Borders Books has taken time to recommend books for different ages and reading levels for Oakland County Moms. Borders was also kind enough to suggest books for moms. These book recommendations and reviews from Borders make shopping easier!
Picture Books - Baby - Pre-School
On the Day You Were Born By: Debra Fraiser
This charming photo journal invites families to celebrate the arrival of their loved one into the natural world. A star-spangled blue sky, crossed by a swath of sunshine yellow with gold birds, introduces the reader to "the very first day you arrived." Baby's picture and name go right in the middle of all the cheery yellow.
By adding eight photographs and filling in a few details, parents can create a very special journal for their child, rejoicing together in all the natural wonders of the universe. Here is an ideal gift for the new parents with a vibrant connection to nature.
Dear Zoo By: Rod Campbell
Each animal arriving from the zoo as a possible pet fails to suit its prospective owner, until just the right one is found. Movable flaps reveal the contents of each package.

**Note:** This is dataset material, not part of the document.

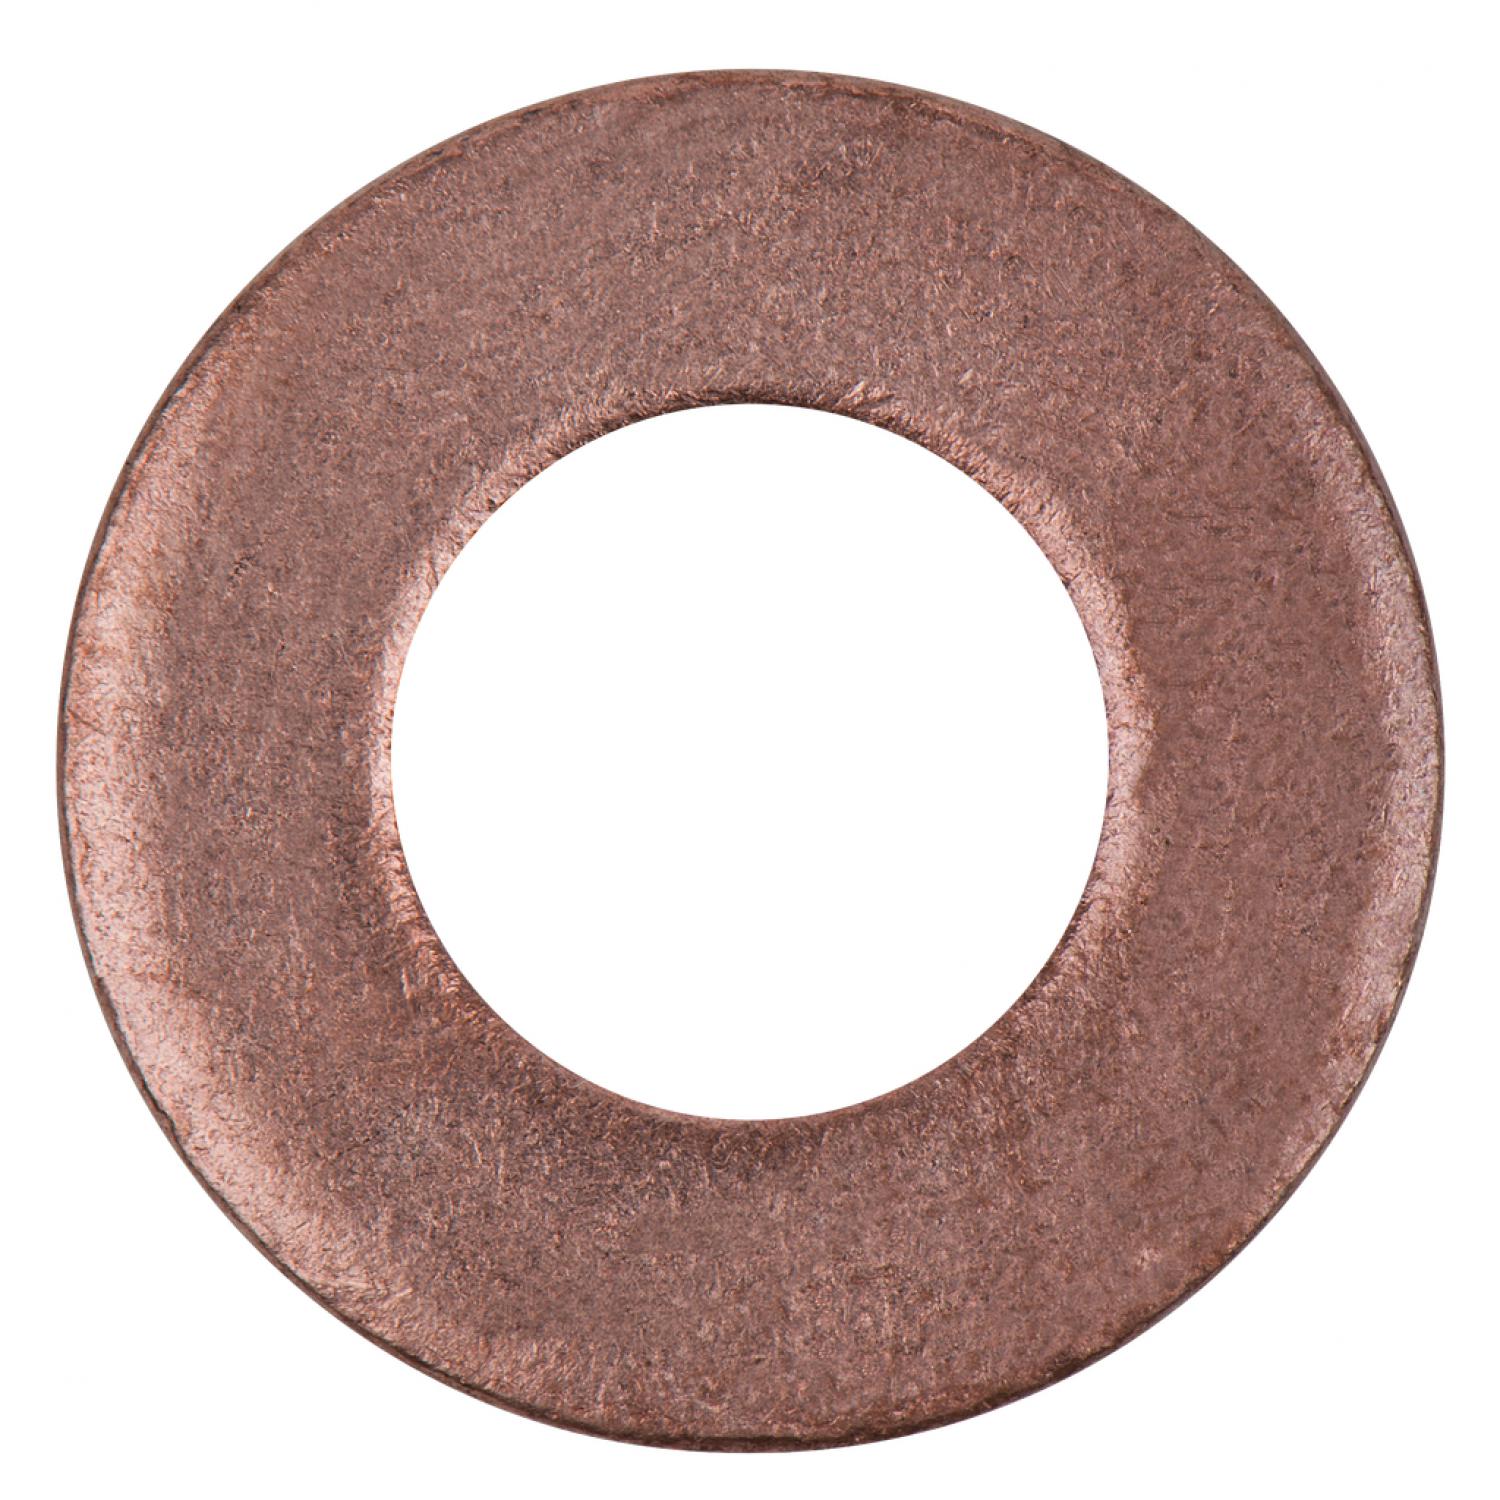 Уплотнительное кольцо, медное, внешний Ø 20 мм, внутренний Ø 10 мм, 25 шт в упаковке

Orange Pear Apple Bear By: Emily Gravett
A plump brown bear adds a humorous touch to this charming book about shapes, colors, and sequence. Five words, four of which appear in the title, make up the entire text. The cuddly-looking bear changes color and shape as he balances, juggles, and eventually eats the three pieces of fruit before loping off. The front endpapers show oranges, green pears, and green apples with rosy tinges in a line leading readers into the simple and appealing story.
Early Reader - Ages 4-8
Every Friday By: Dan Yaccarino
There are few things more rewarding for a child than receiving undivided attention from a parent. Every Friday is a fun and heartwarming celebration of precisely that brand of togetherness, where a father and son's weekly ritual of walking to the local diner for breakfast unfolds in bright, bold swaths of color. On the way, they watch the neighborhood come to life and urge each other on from one delightful distraction to another. Their story packs a powerful nostalgic punch for parents and is sweet inspiration for the whole family to spend time together--whether that means sharing a weekly breakfast or reading a book before bedtime.

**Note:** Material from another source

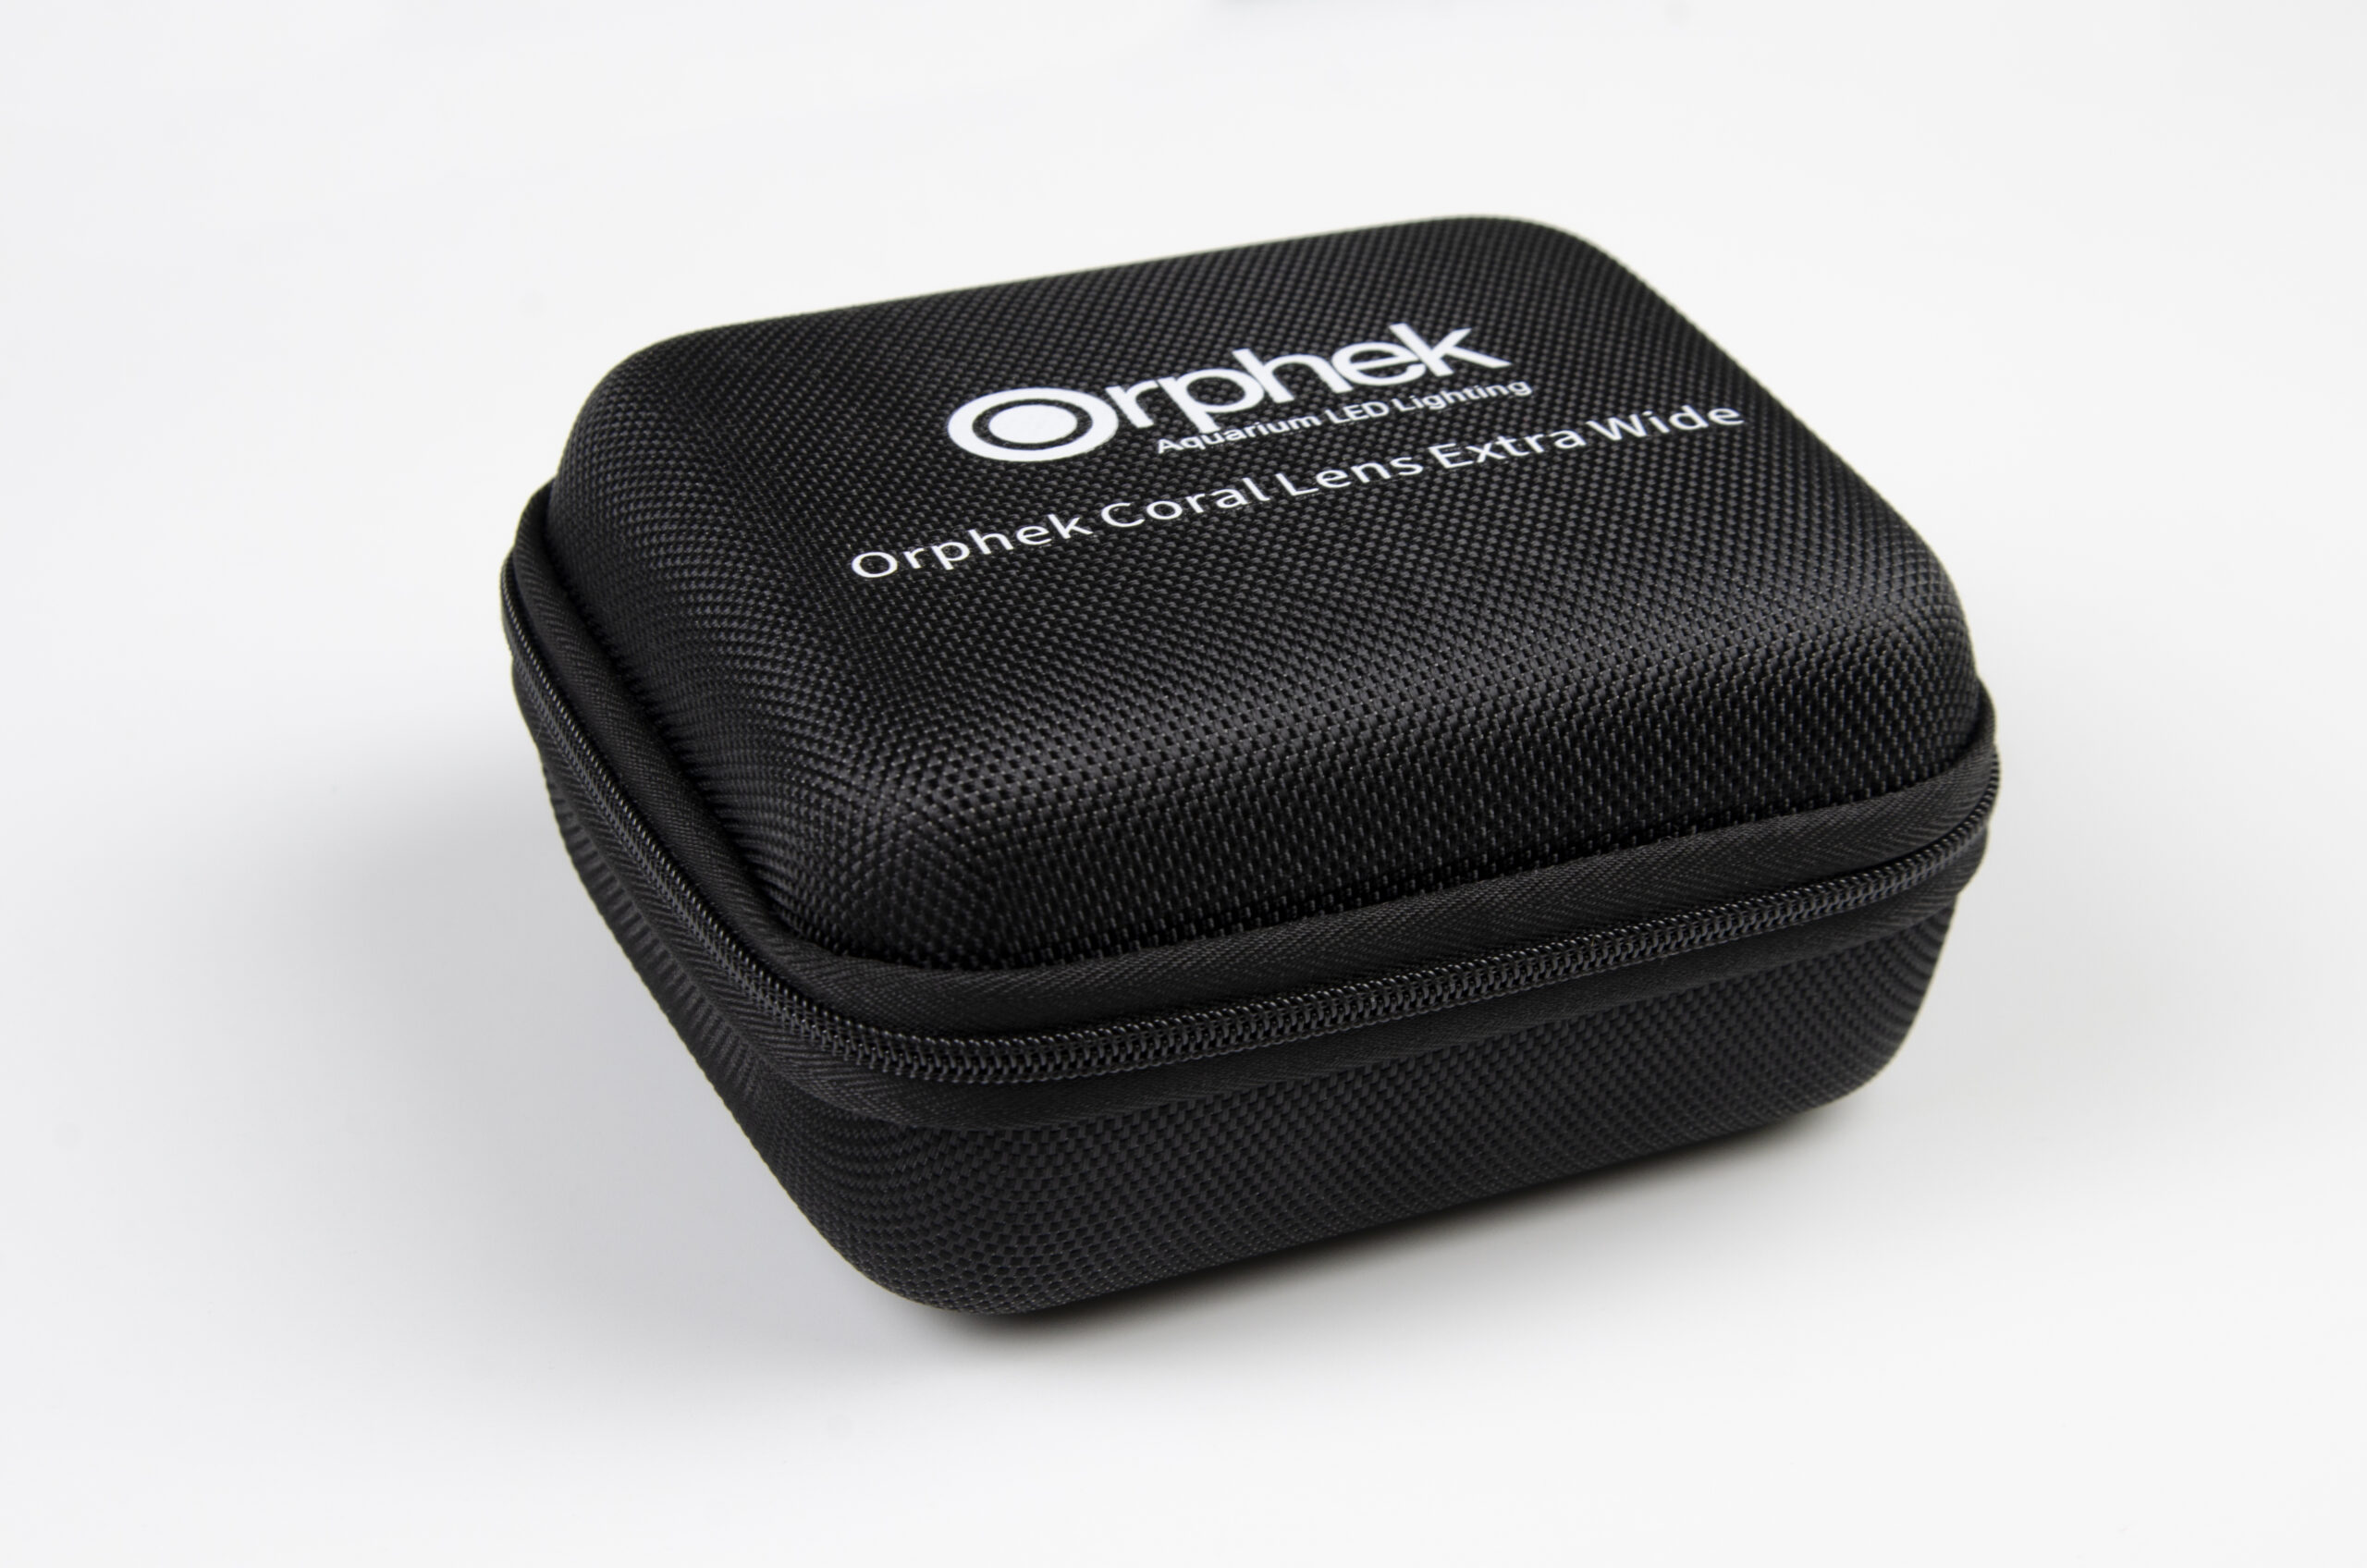 le meilleur kit de lentilles corail pour smartphones

Fabian Escapes By: Peter McCarty
readers follow Fabian the cat out the window while Hondo the dog stays home with the baby. Illustrated with pencil on watercolor paper artwork, McCarty's second installment is characterized by the same color schemes, softened shapes, and low light as the first book, and depicts equally likely experiences for a cat on the lam and a dog stuck inside with a toddler.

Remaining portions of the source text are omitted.